The software suites TIgGER and IgDiscover were used to infer a personal IGHV genotype for each individual and to infer previously undiscovered alleles. All novel alleles that are part of a genotype inferred by at least one of the methods appear on the x-axis. Alleles that were validated by Sanger sequencing are marked with a dot. Individuals with at least one novel allele lie on the y-axis and are labelled by their subject name. For each allele, the color of a tile (or a bar) represents the method of detection and genotype inference. The height of each bar on top represents the number of individuals for whom a certain allele was inferred and is part of a genotype.

Thirteen novel alleles were selected for validation by targeted amplification and subsequent Sanger sequencing of gDNA (Supplementary Fig.4) of non-B cells, i.e.T cells and monocytes isolated by fluorescence-activated cell sorting³⁰. The validation primers are specified in the Supplementary Table 1. Out of those thirteen alleles, ten were successfully validated. These include IGHV1-2*02_G207T, IGHV1-3*01_T35A, IGHV1-46*01_C213G, IGHV1-69*01_C243T, IGHV3-7*03_G144A, IGHV3-9*01_T307C, IGHV3-20*01_C307T, IGHV3-21*01_C255T, IGHV3-64*05_G265C, and IGHV3-64D*06_G258T. Surprisingly, IGHV3-64*05_G265C was found to originate from IGHV3-64D (Fig.6c). Two of the novel alleles, namely IGHV1-46*01_C213G and IGHV3-20*01_C307T, have been recently added to the IMGT database as IGHV1-46*04 and IGHV3-20*04 respectively.

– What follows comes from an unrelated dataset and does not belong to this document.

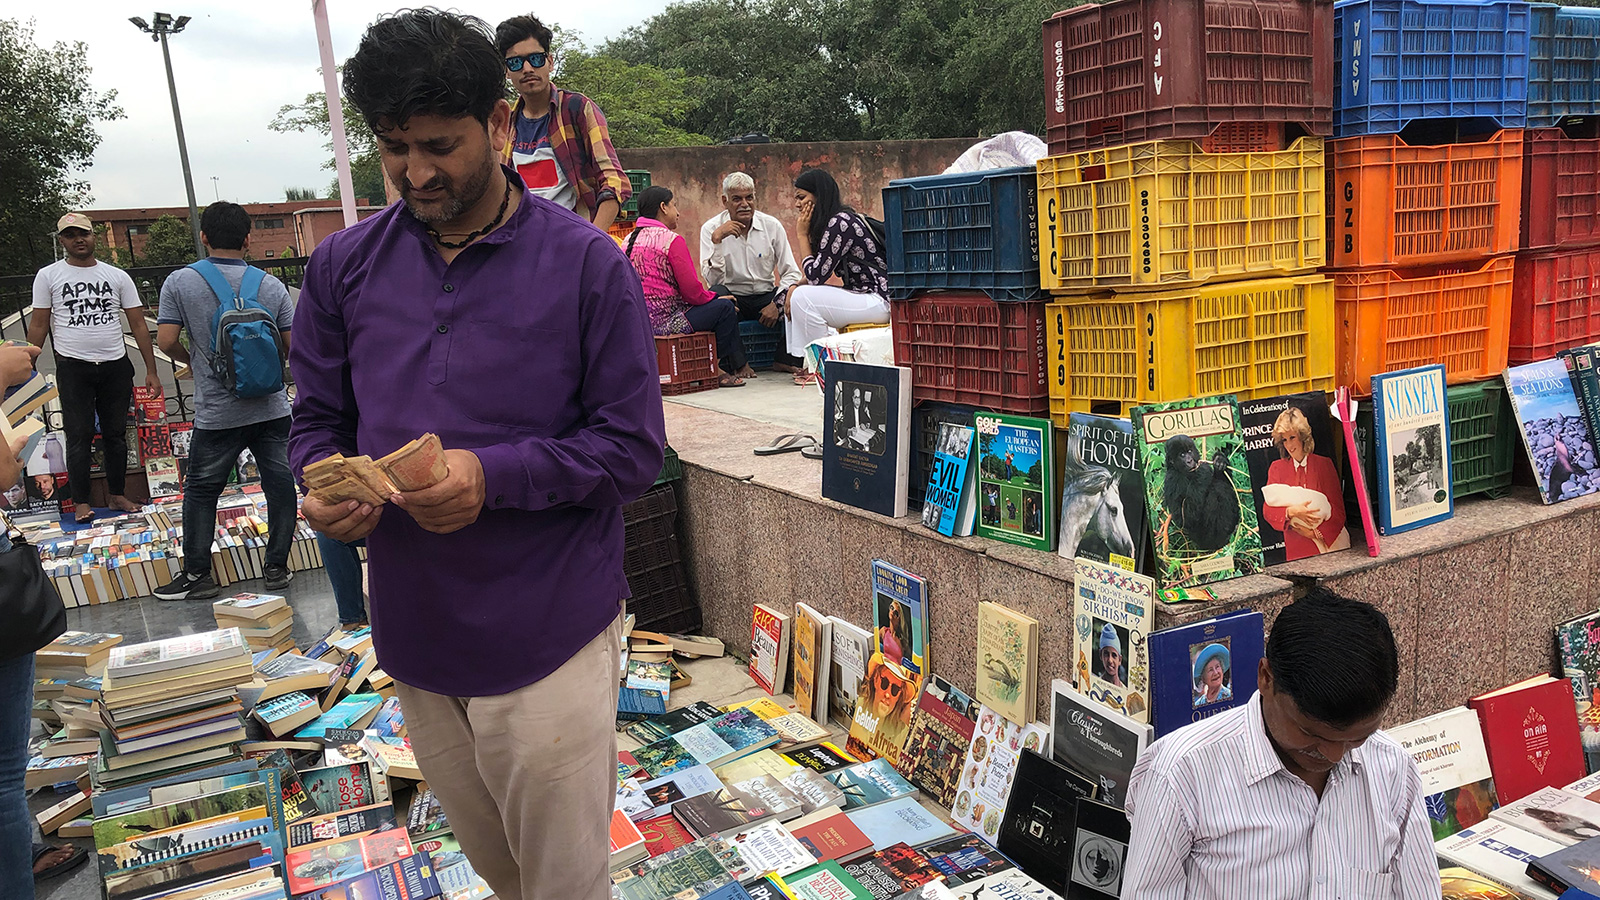 ‪السوق يستضيف عشاق الكتب منذ 1964 ويزوره آلاف من الناس كل أسبوع وخاصة الطلاب والمعلمين‬ (الجزيرة)

Validation of the novel alleles revealed additional polymorphisms outside of the V-region. The allele IGHV3-64*06_G258T has a polymorphism in leader 1 (position −21) in addition to the V-region polymorphism. Genomic validation of IGHV3-7*03_G144A revealed a further polymorphism in the intron. During validation of this allele, we also managed to amplify the genomic sequence of IGHV3-7*02, which carried the previously reported polymorphism A318G³¹. This polymorphism was not inferred from the AIRR-seq data in our study, since the default parameters of the inference tools are set to detect polymorphisms up to position 312.

Attempts to validate IGHV4-39*07_C288A, IGHV4-61*02_A234G, and IGHV6-1*01_T91C were unsuccessful. The gene-specific primers that were used for validation were designed based on the current reference genome. However, the efficiency of the IGHV4 primers was inferior, and Sanger sequencing only revealed allele *01 of each gene, even in clearly heterozygous individuals.

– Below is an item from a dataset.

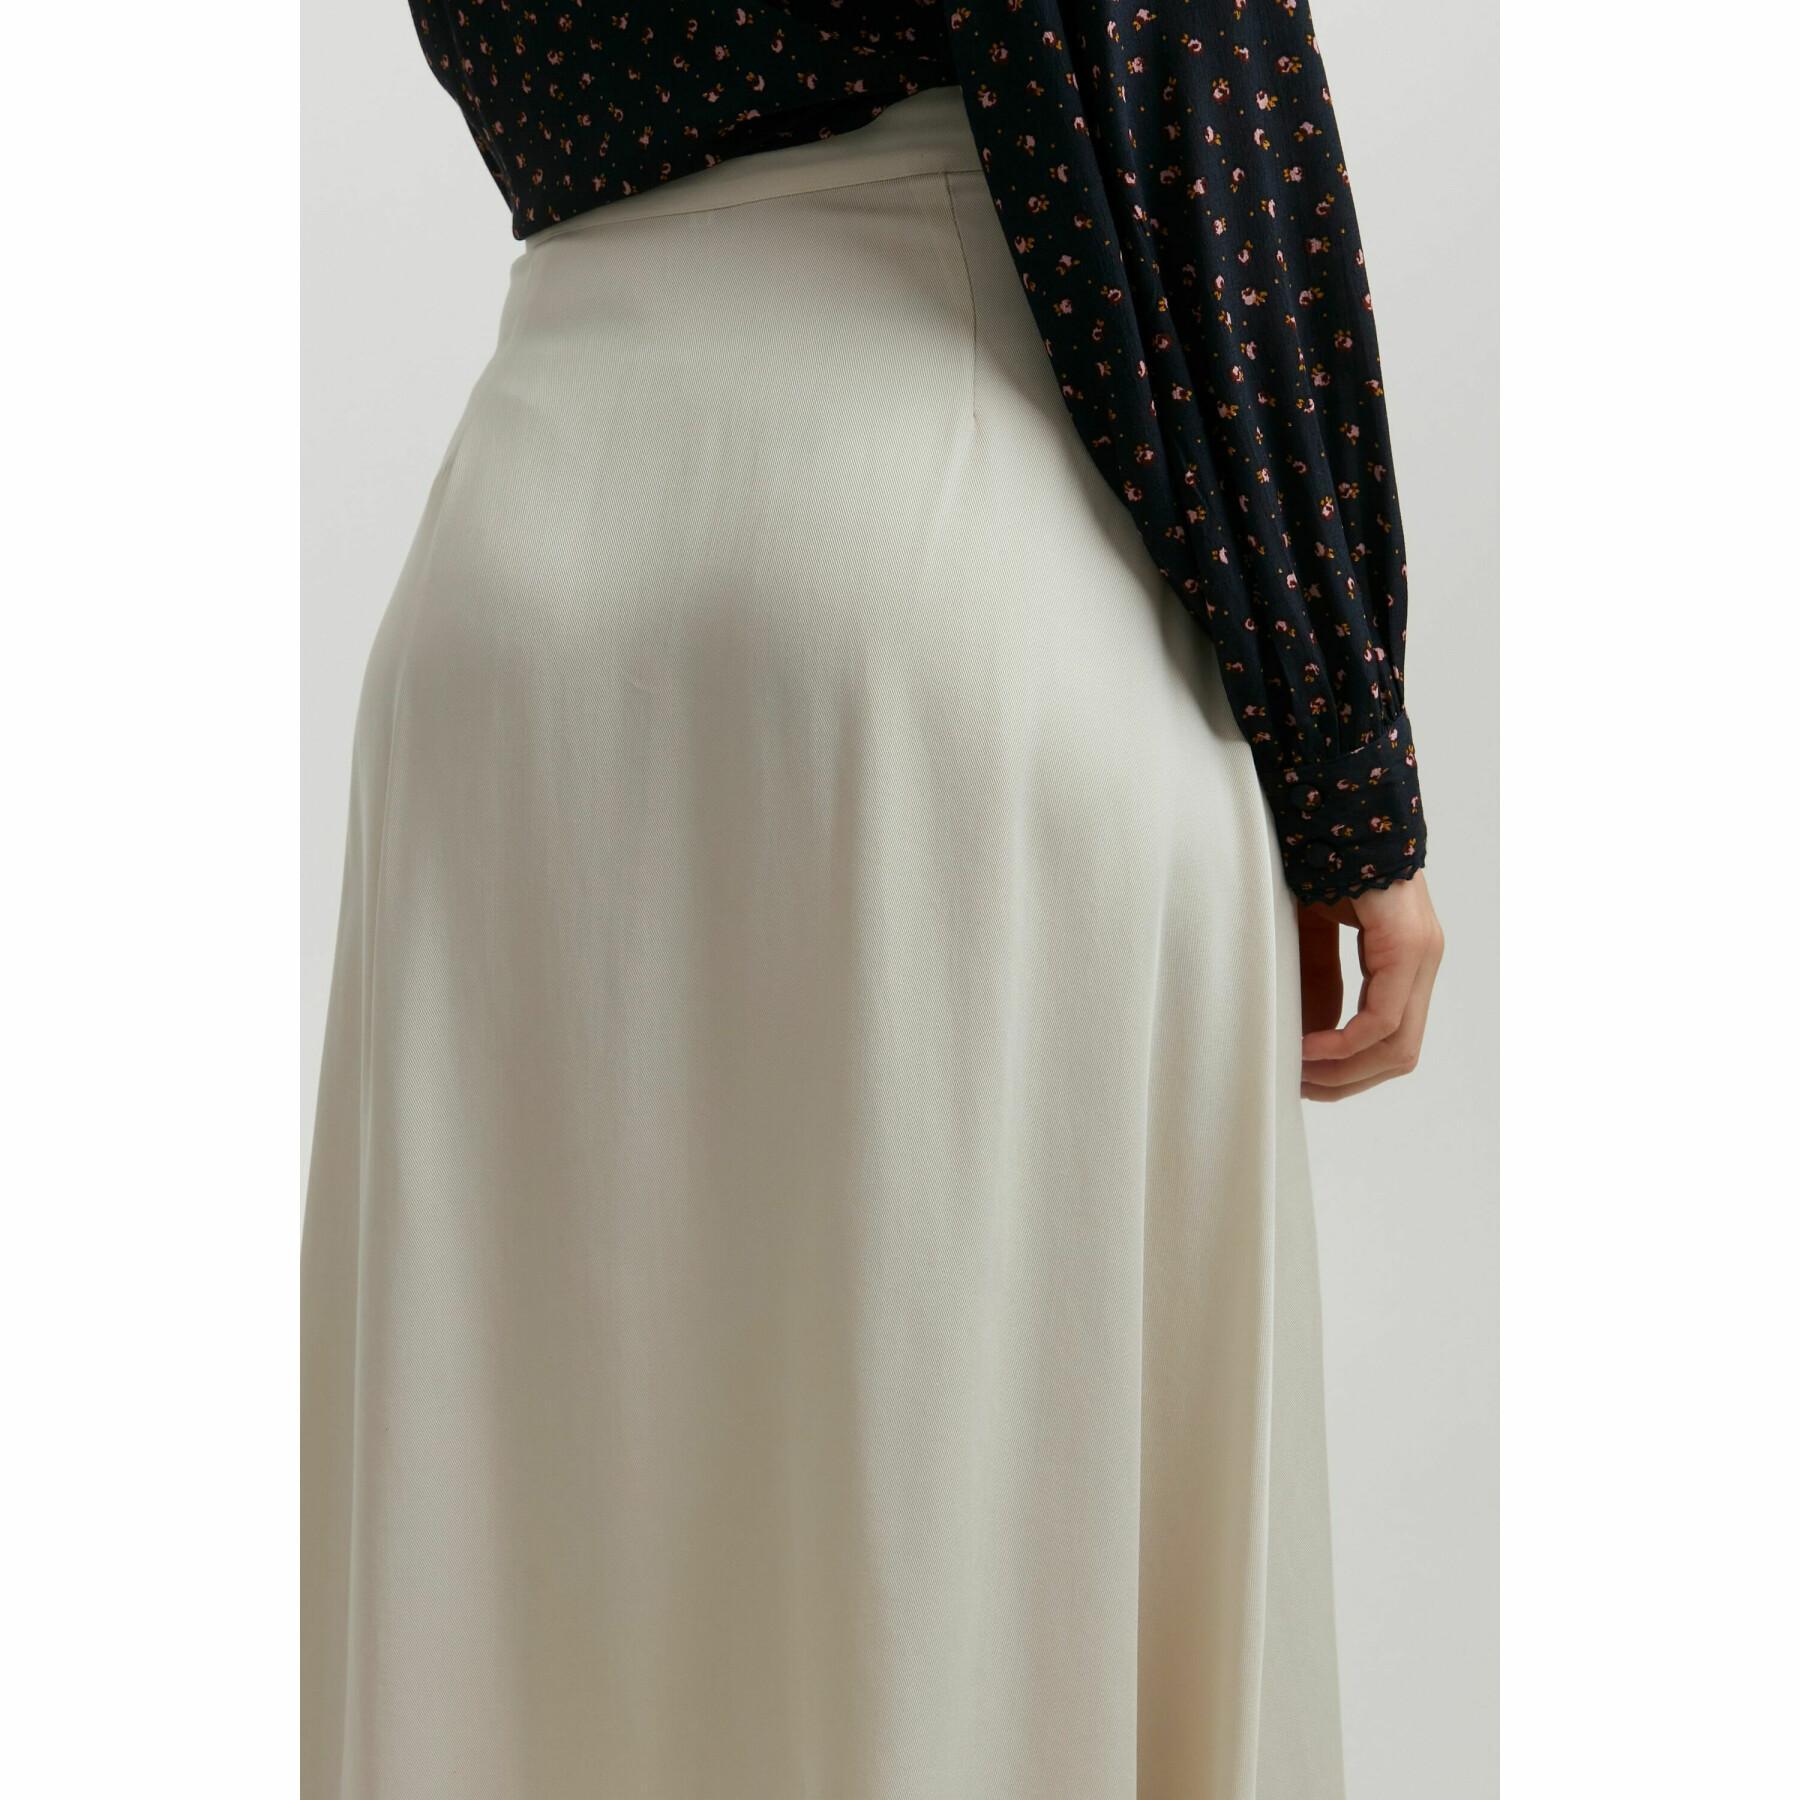 Lång kjol för kvinnor Atelier Rêve Irleonora

Analysis of upstream sequences yields a more complete and accurate germline reference dataset

As some of the validated novel alleles had additional polymorphisms in the intron or the leader sequence, we extended our analysis of the AIRR-seq data beyond the V-region. Although introns are not present in the AIRR-seq data, the sequences of the 5’ untranslated region (5’UTR), leader 1, and leader 2 lie upstream of the V-region and are present in the data thanks to the library preparation method (Fig.1). We will refer to 5’UTR, leader 1, and leader 2 collectively as upstream sequences.

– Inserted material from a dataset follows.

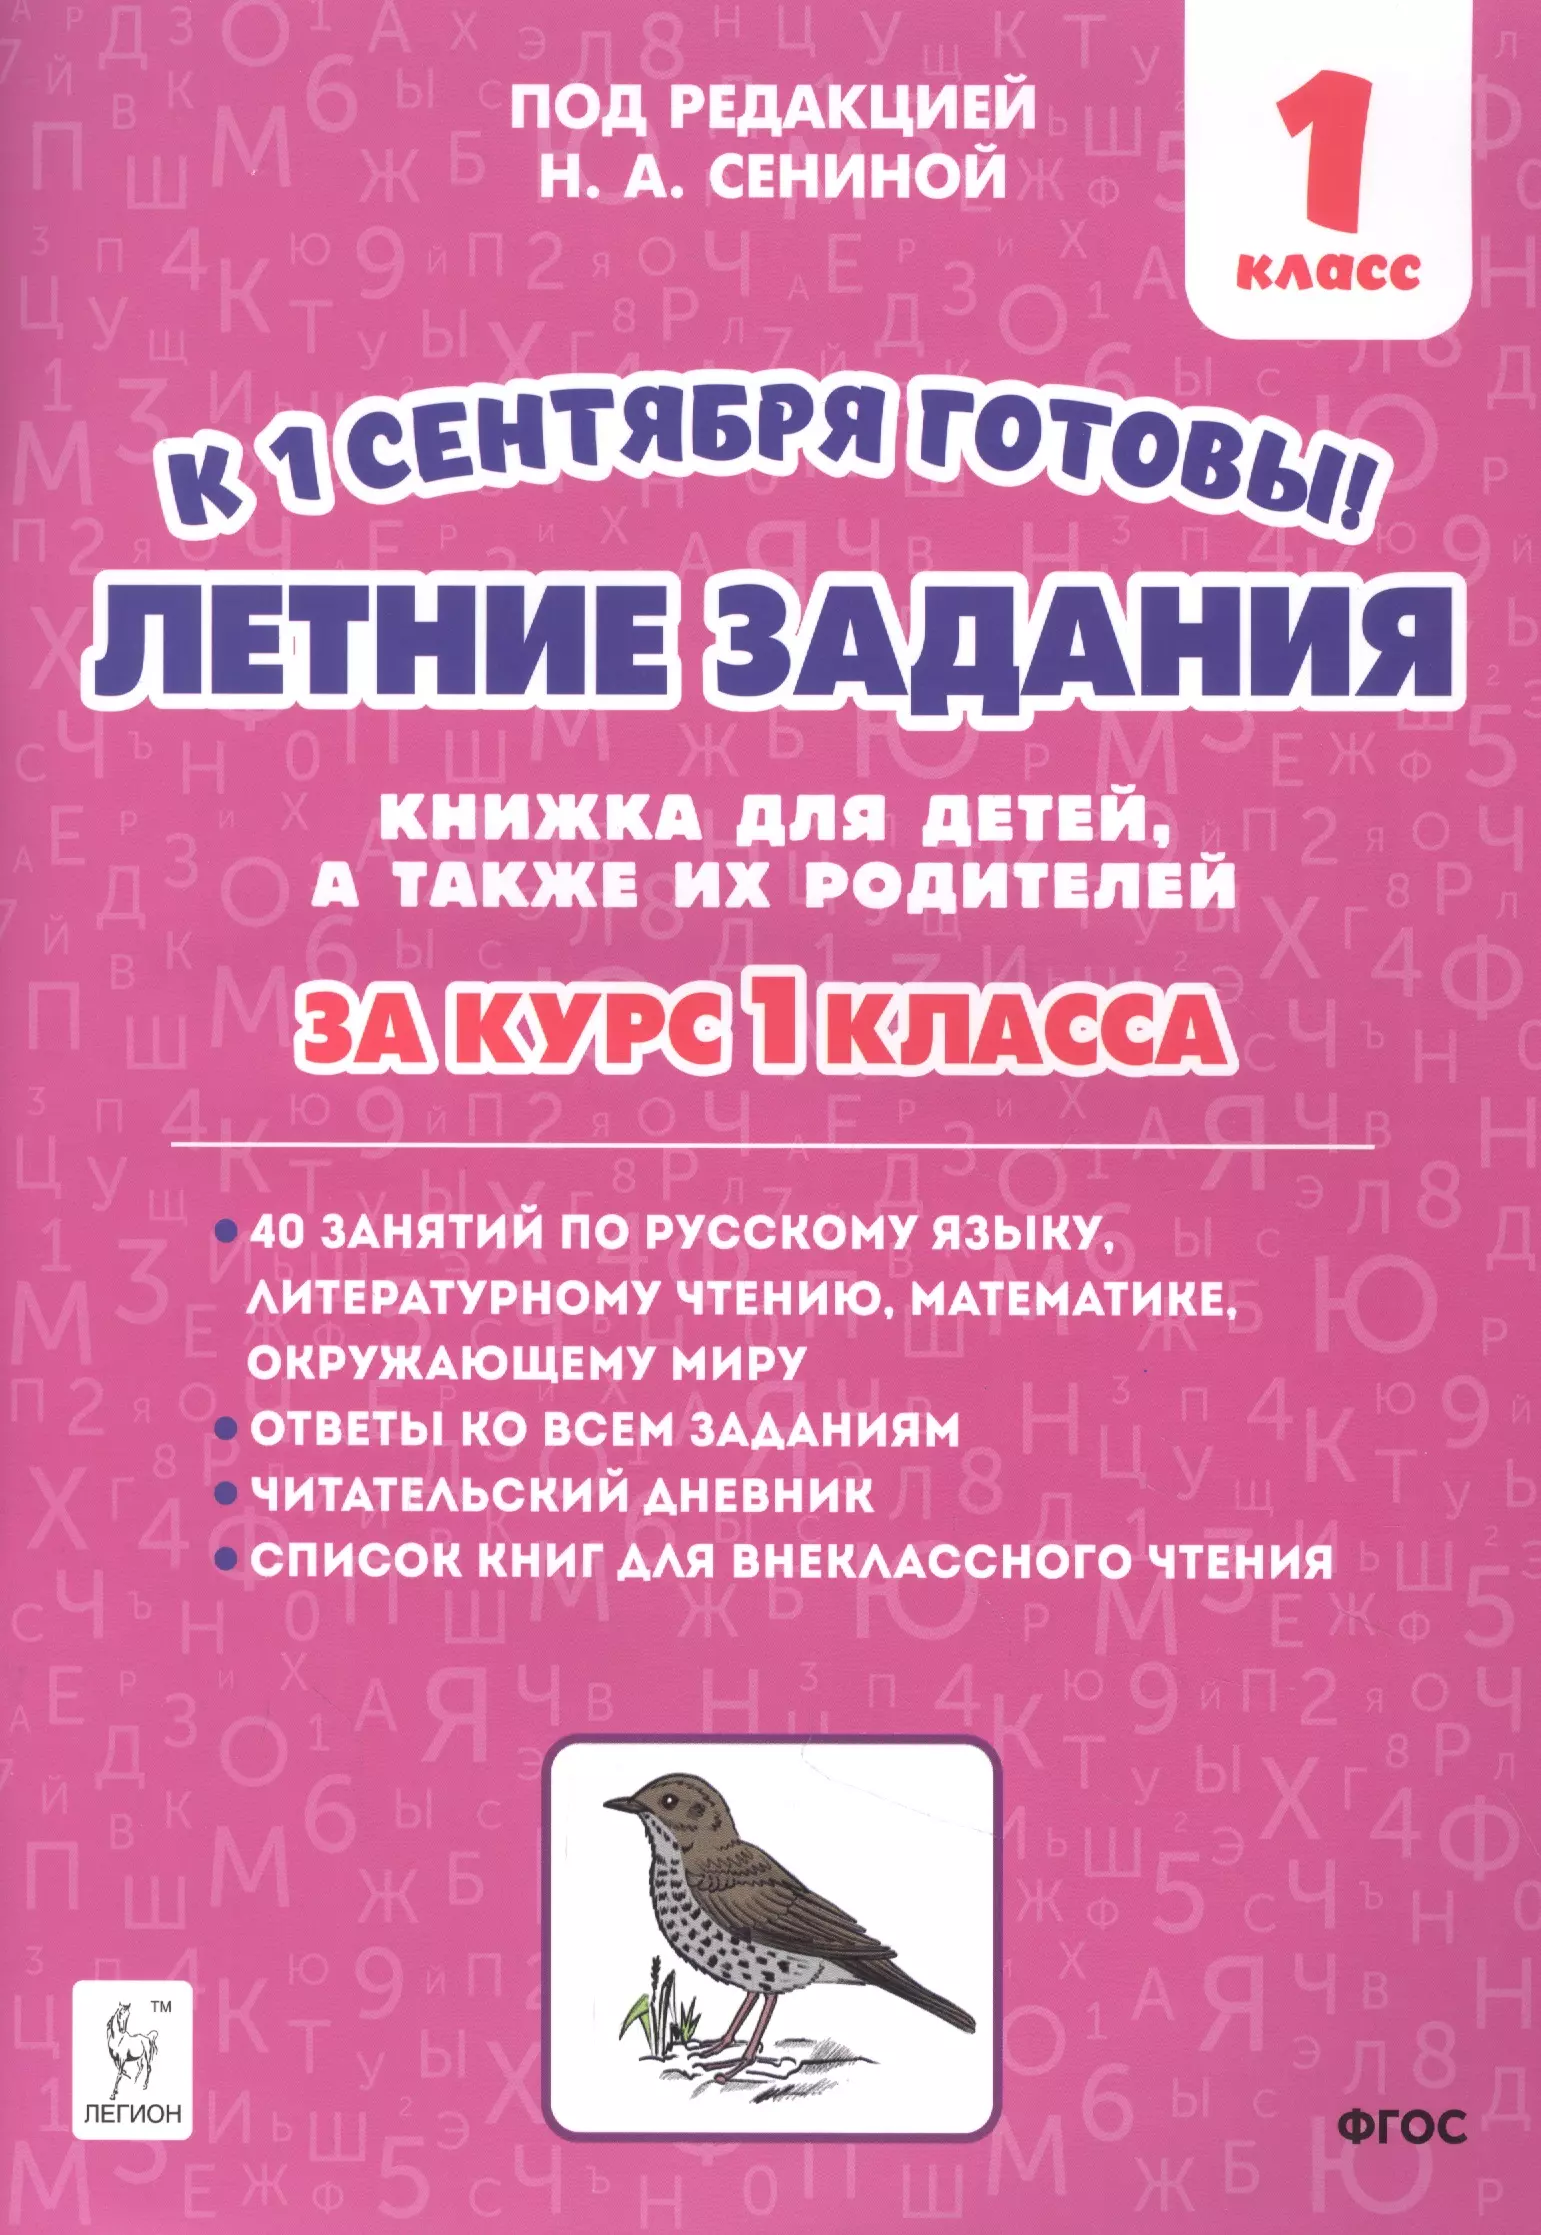 Сенина Наталья Аркадьевна - Летние задания. К 1 сентября готовы! Книжка для детей, а также их родителей. За курс 1-го класса

We decided to use the genotyped AIRR-seq data to characterize upstream sequence variants for all genes and alleles. To extract the upstream sequences, we removed the VDJ and constant regions, while keeping the original sequence’s V-region annotation. Sequences from each individual were processed separately. We observed slight variations in the length of 5’UTRs assigned to the same gene. It is important to have matching length for clustering, as different lengths could mean that identical sequences would not cluster together. To overcome this issue, for each gene we trimmed the ends of 5’ ends of the upstream sequences to match the most frequent length. We then took the trimmed upstream sequences with the same allele annotation and clustered them. Each cluster of a sufficient size gave rise to one consensus upstream sequence. This process was repeated for all genes and alleles across all individuals. Finally, consensus sequences from all individuals were combined to create an upstream germline reference dataset of the cohort (Fig.3). The number of individuals carrying each of the variants is shown in Supplementary Fig.5.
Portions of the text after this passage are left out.